Saul asks the pythonisse of Andor to call the ghost of Samuel
Oil on canvas
31 x 42 cm
Around 1800
The episode is taken from the Bible (Books of Samuel). At the end of his reign, Saul, abandoned by Yahweh, trembles before the advance of the Philistines allied with his rival David. While he himself had proscribed sorcerers and other soothsayers, he secretly went to a palmist from the village of Andor who held a talisman. Eager for advice, he asks him to summon the prophet Samuel, who recently disappeared. Samuel appears to the pythonissa, but Saul, who is prostrating himself, cannot see him. The ghost first refuses to answer Saul's questions, then predicts his fall and that of his dynasty.
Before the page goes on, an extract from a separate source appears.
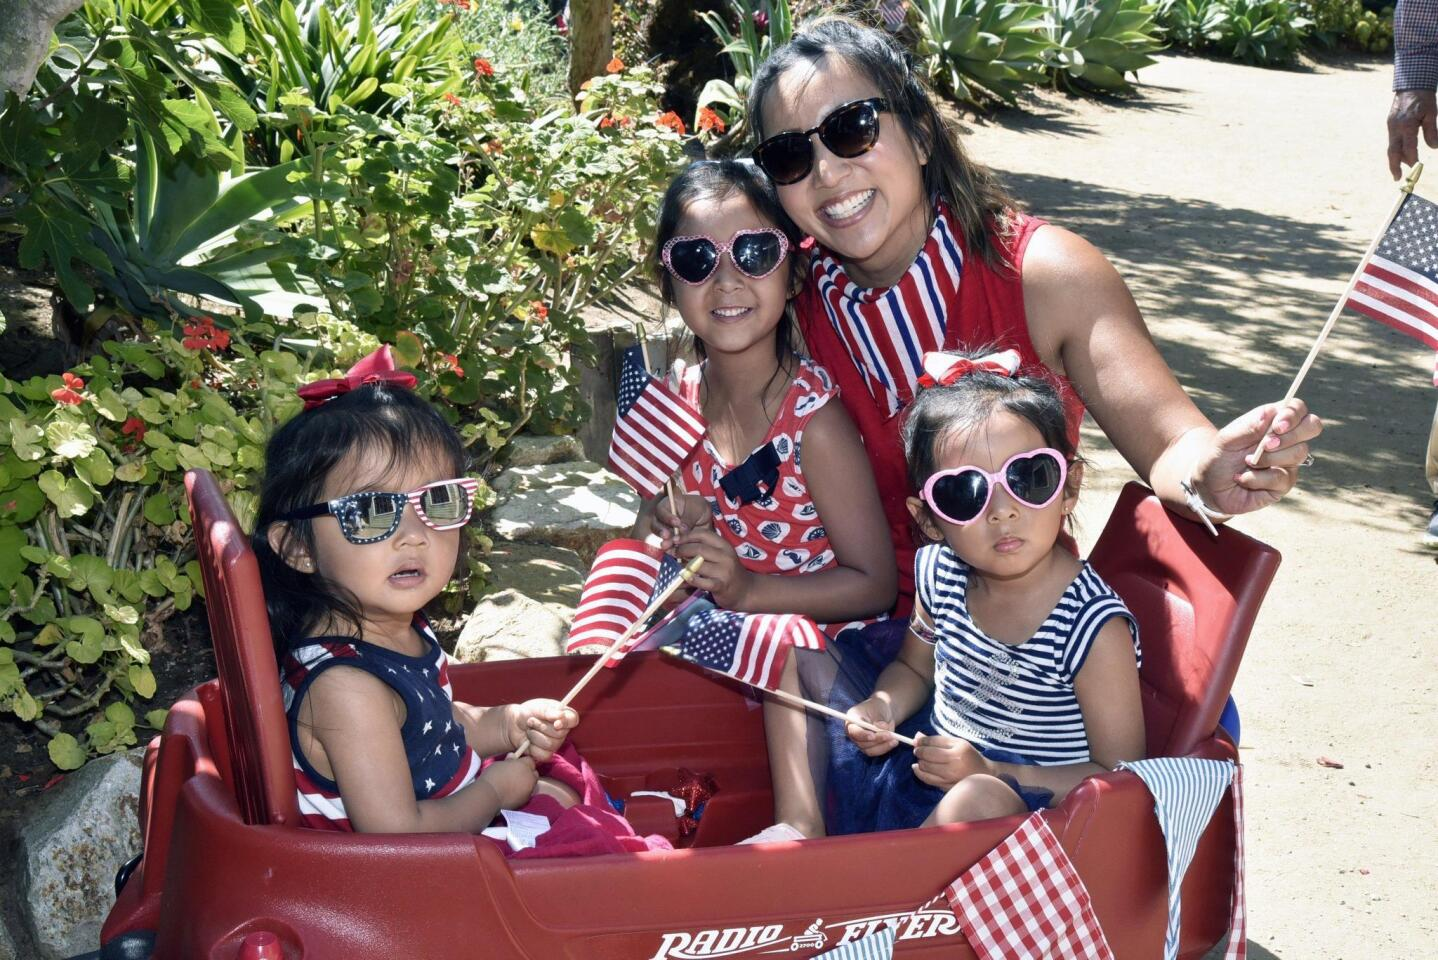 Michelle Silva with Mikaela, Nayeli, and Olivia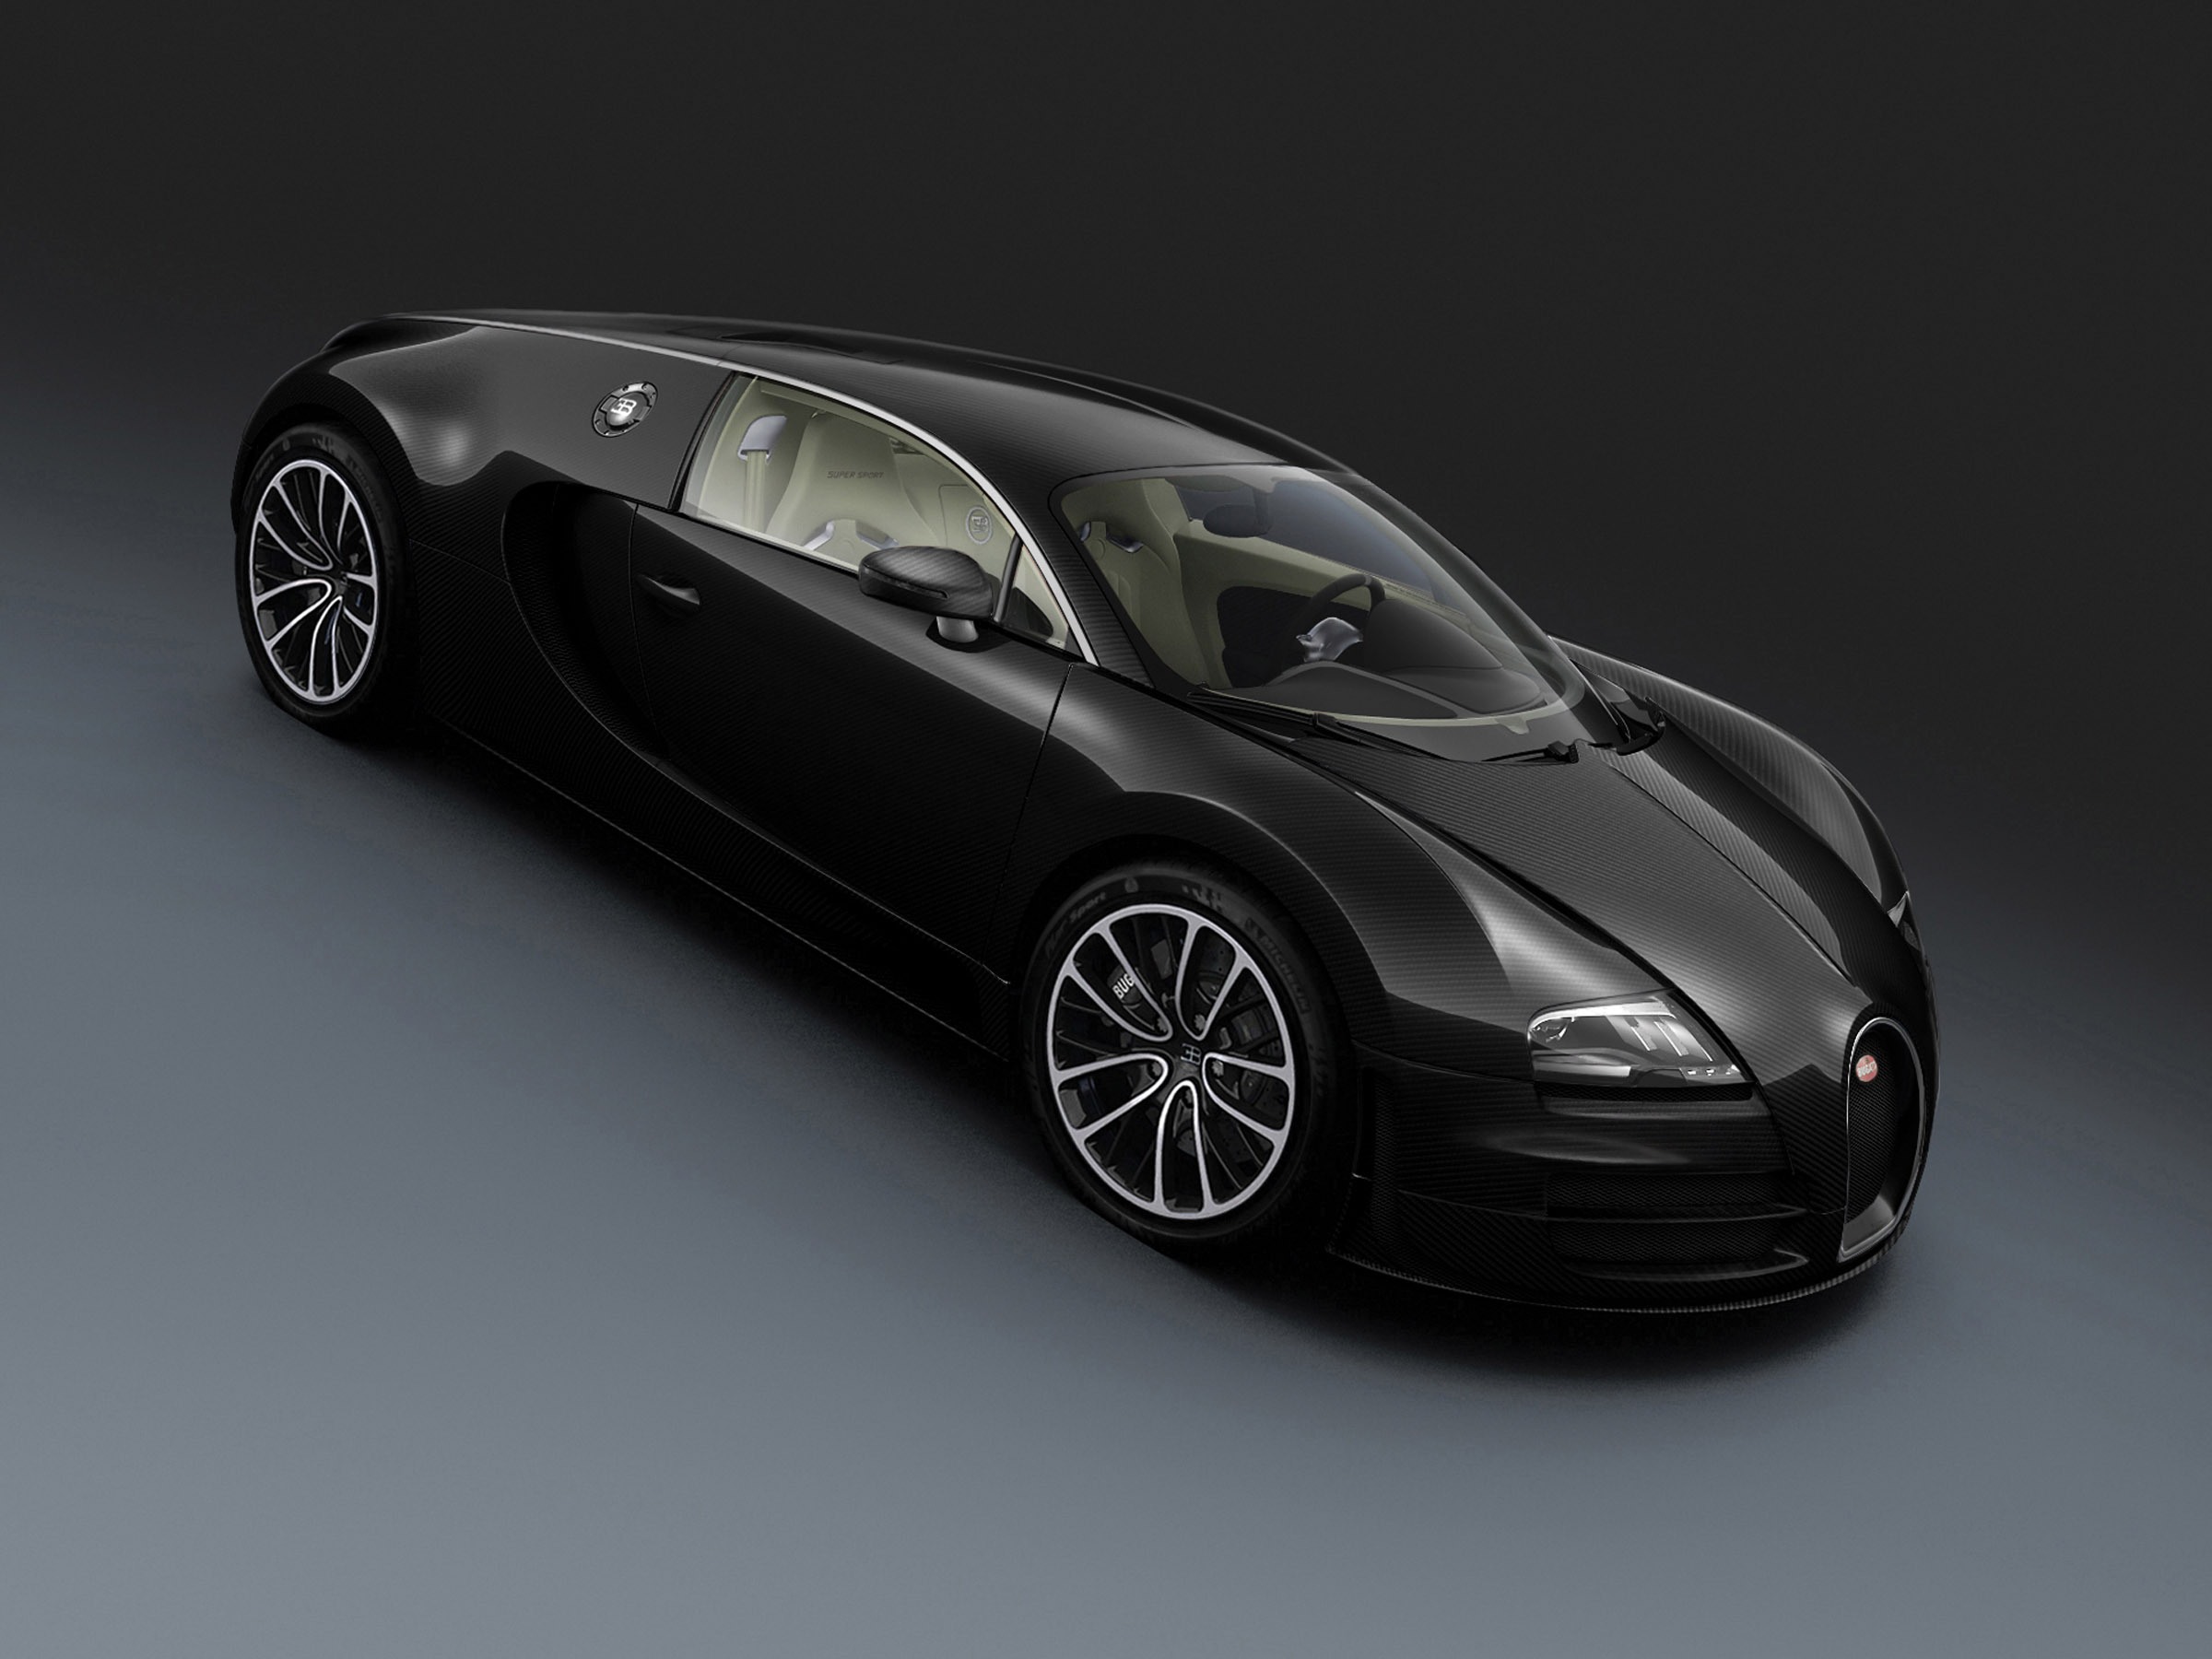 Bugatti Veyron 16 4 Super Sport Shanghai 2011 Picture 53344

Saul will die the next day.
Stylistically, our model can be compared to the neoclassical productions of Fulchran Jean Harriet, Grand Prix de Rome in 1793 and in particular to his painting Hero discovering the body of Léandre dated 1796. The physiognomy of the faces, the expressions and postures of the characters and the colors used by the artist who remained anonymous suggests that he knew this work well.
Rarely treated, this dark biblical subject also inspired a British artist contemporary with Harriet and inclined to the fantastic: William Blake. Another lover of the subject, Gustave Doré also dabbled in it but fifty years later…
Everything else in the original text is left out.